§ **Work instructions**
Return every line below exactly.

──────────

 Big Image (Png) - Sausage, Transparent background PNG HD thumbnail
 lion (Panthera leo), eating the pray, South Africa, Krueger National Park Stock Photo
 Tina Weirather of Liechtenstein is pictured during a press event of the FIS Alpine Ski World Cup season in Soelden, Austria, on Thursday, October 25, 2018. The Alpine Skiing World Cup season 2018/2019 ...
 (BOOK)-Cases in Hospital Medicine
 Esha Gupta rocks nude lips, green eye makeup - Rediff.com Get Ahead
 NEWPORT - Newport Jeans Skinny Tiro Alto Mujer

──────────

§ **Written response**
 Big Image (Png) - Sausage, Transparent background PNG HD thumbnail
 lion (Panthera leo), eating the pray, South Africa, Krueger National Park Stock Photo
 Tina Weirather of Liechtenstein is pictured during a press event of the FIS Alpine Ski World Cup season in Soelden, Austria, on Thursday, October 25, 2018. The Alpine Skiing World Cup season 2018/2019 ...
 (BOOK)-Cases in Hospital Medicine
 Esha Gupta rocks nude lips, green eye makeup - Rediff.com Get Ahead
 NEWPORT - Newport Jeans Skinny Tiro Alto Mujer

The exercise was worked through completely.